Despite this rebuke, Sybok persisted in both his education and his views, and in 2333 he was expelled from the Academy. Undaunted, he decided to prove his views by engaging in unlicensed telepathic therapy with alien races, using his philosophy of emotional freedom to better understand the pain in others, and to return balance to their minds. When his efforts were revealed, he was banished from Vulcan, and when fifty or so other Vulcans followed him no real notice was taken.

In banishing Sybok, the councils of Vulcan made a grave error. Where before they could use society as a means of limiting his effect on nearby Vulcans, now they had no such buffer to offset Sybok's sheer force of personality. Although he was not universally -liked- by any means, there was a strange charisma about him which compelled people to at least listen to his words... and many who listened found something which resonated within them. The popular name for Sybok's followers, the 'Charismatic Vulcans,' is based off of a typo in one newssheet's coverage of 'the Charismatic prophet Sybok.' (The C was not meant to be capitalized.)
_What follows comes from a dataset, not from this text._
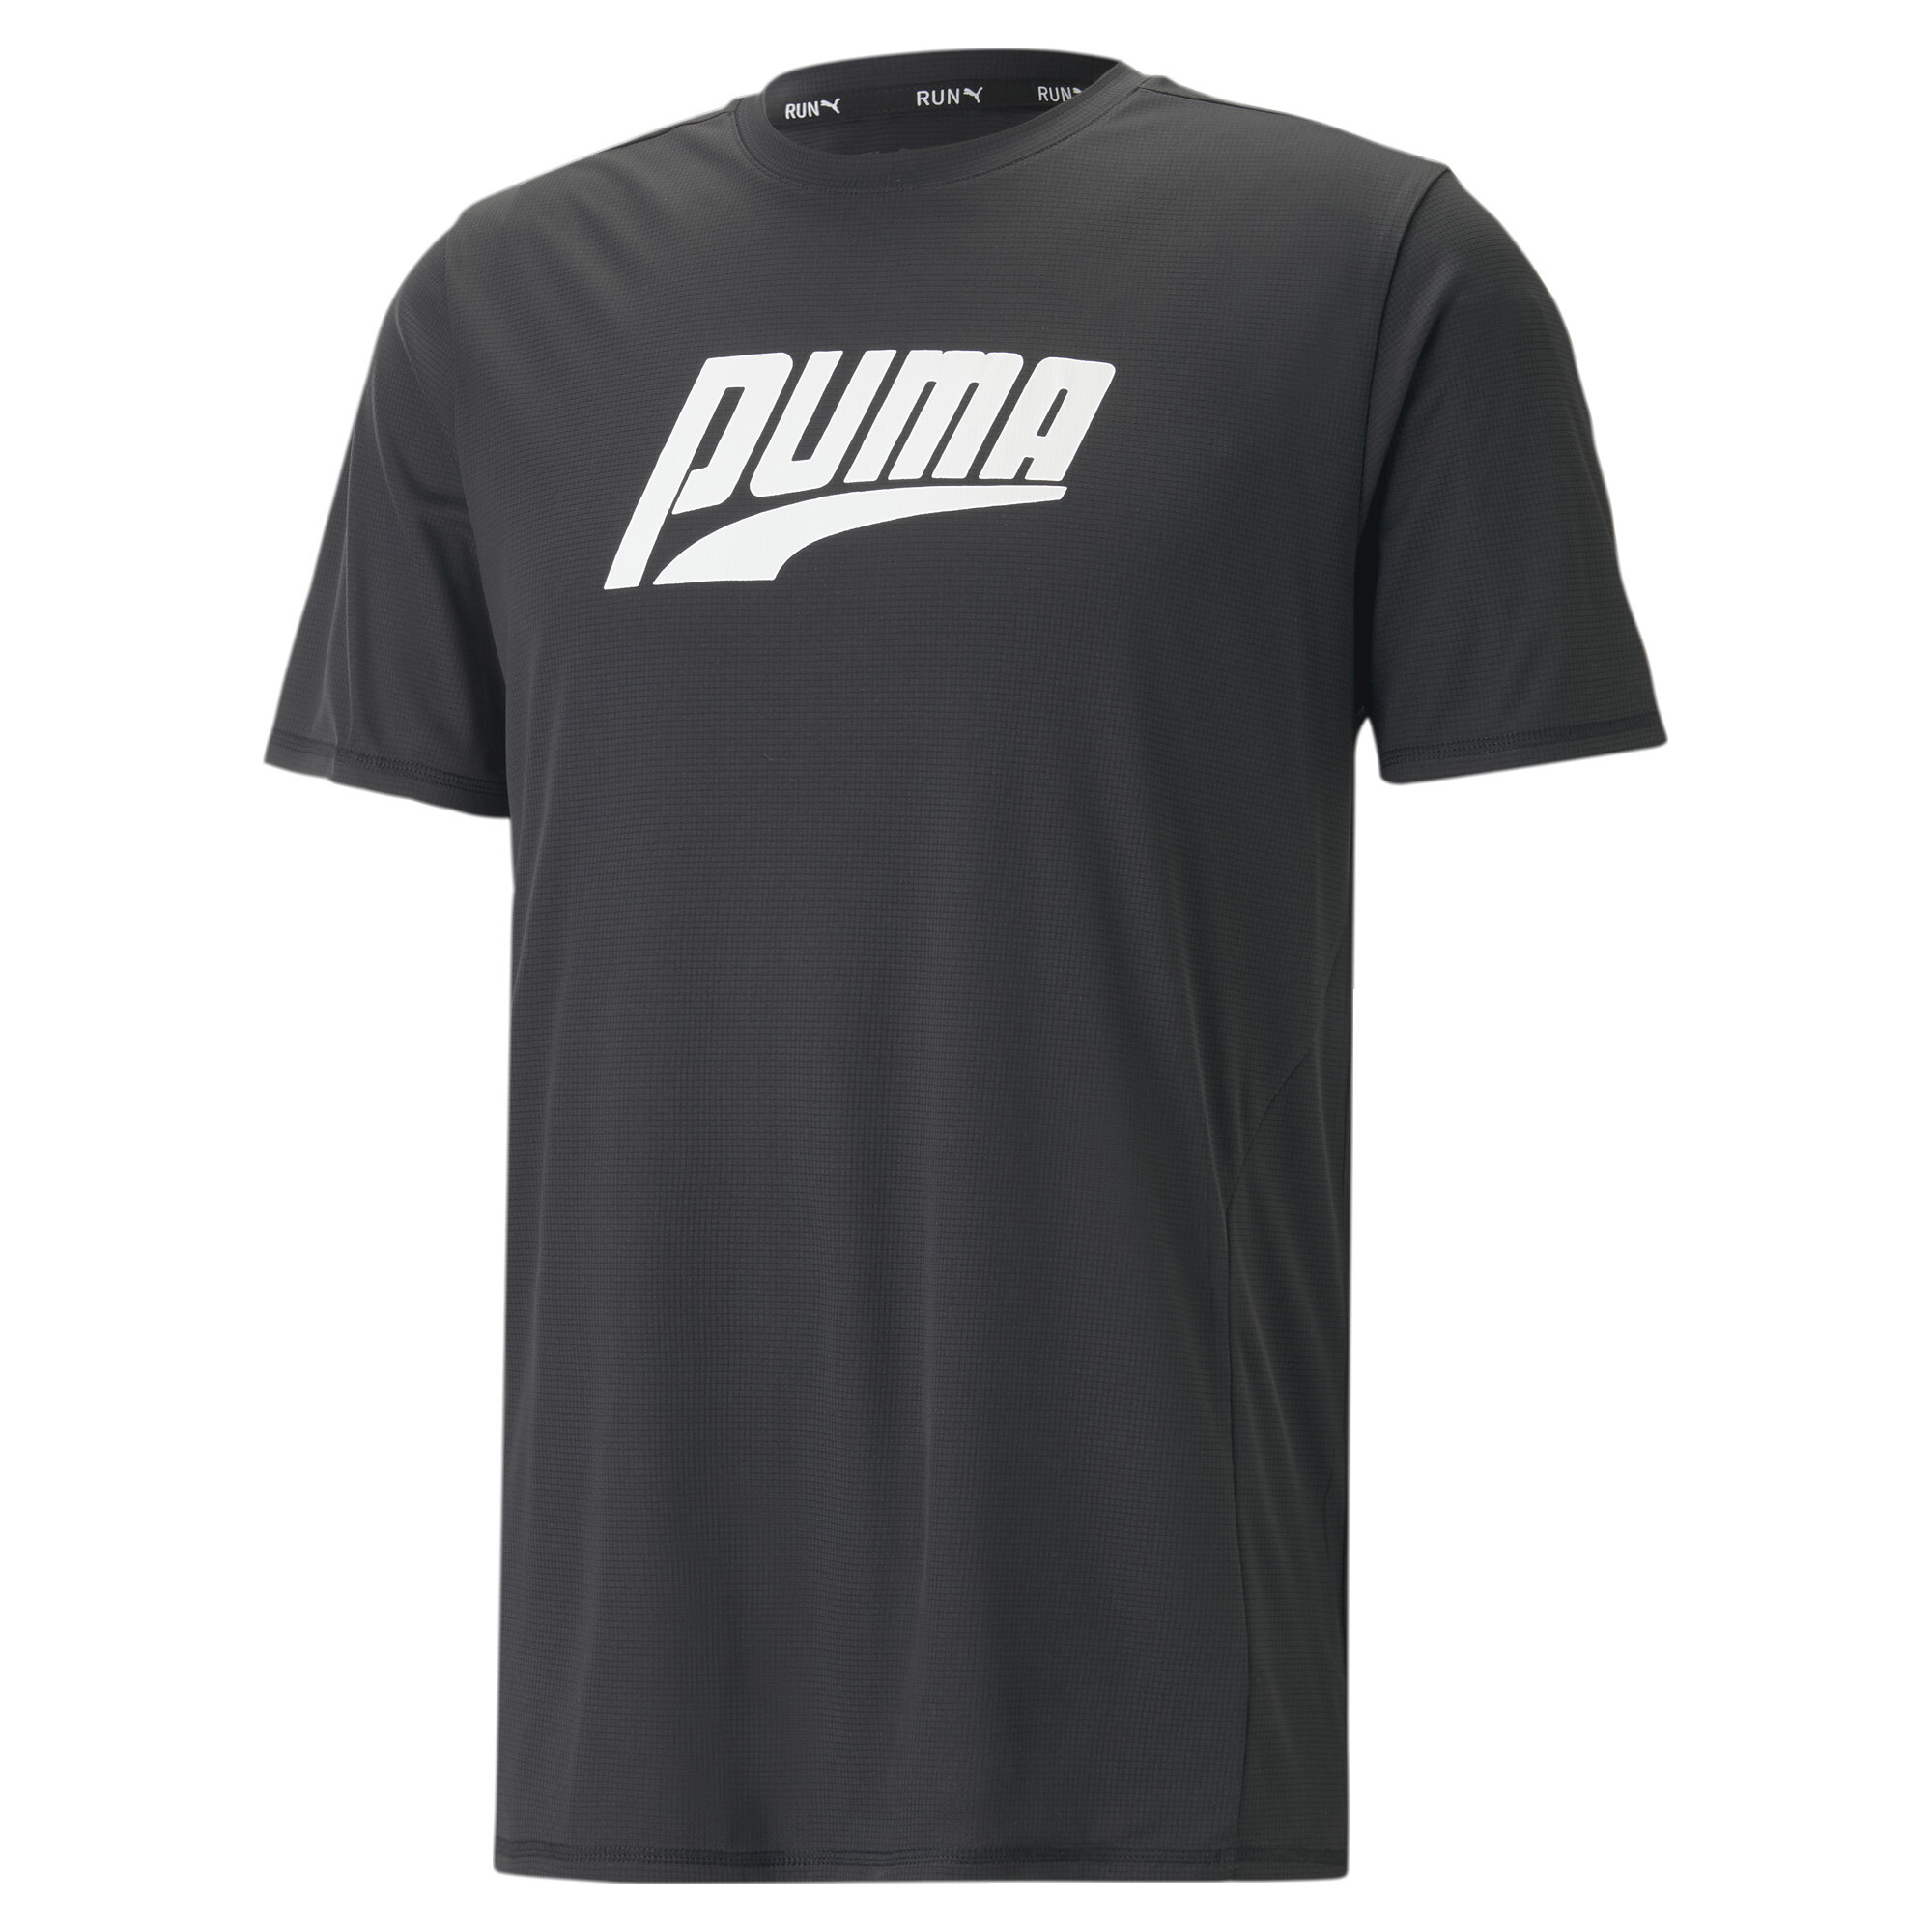 Men's PUMA RUN FAVOURITE Short Sleeve Graphic Running T-Shirt Men In Black, Size XS

By 2340 Sybok's philosophies had once more arisen on Vulcan, brought back there by converts and aliens who had met Sybok during his wanderings through the galaxy. Converts in ones and twos denounced the Way of Surak and declared themselves exiles before the Vulcan Councils could react. Once among the stars, they repeated Sybok's cycle, always encouraging the converted to tell others in turn.

Although Sybok himself has vanished among the worlds of the modern Federation, his followers continue to grow in number. Estimates of their numbers range from the Vulcan government's low estimate of 35,000 to a high guess of 400,000 by the Psi Corps. The only known static population of Charismatics, about 22,000 as of 2400, is in the Confederate Freespacers Alliance, where they make up roughly 50% of the total Vulcan-race minority of that nation. In any case, they make up an extremely tiny fraction of the 14 billion Vulcans in the Federation today.

Despite their small numbers, the Charismatic movement is regarded in several circles as a direct threat. The conservative elements on Vulcan believe Sybok's teachings to be subversive and dangerous, and they use every means in their power short of outright censorship to suppress their dissemination. Xenophobes from all races point to the Charismatics as a dangerous influence, in the same way Earth regarded the Mormon Church during its first century of existence. The Charismatics were specifically cited in the debates on the passage of the first 'Psi Act' and the creation of the Psi Corps.

The Charismatics also have their partisans in this controversy. In addition to the Freespacers, who have opened their doors to the Charismatics as well as psi-active humans and cybernetic intelligences fleeing persecution, nations such as the Zeta Cygni Republic, the Salusian Empire, the Minbari Empire, and the Star Kingdom of Manticore have openly expressed support for the Charismatics' right to believe and practice their beliefs.

In the end analysis, the Charismatics are a microcosm of the larger issues regarding telepathy and telepaths. The followers of Sybok may well, in the end, find their freedom joined with the freedom of telepaths of other races, regardless of creed. Whether their movement will prosper or be silenced remains to be seen.

--- Redneck

(Note: Sleik, chief of state of the Freespacers in 2388, is a Charismatic Vulcan; T'Pall, subordinate of Aya Nakajima, is a traditional Vulcan (follower of Surak).)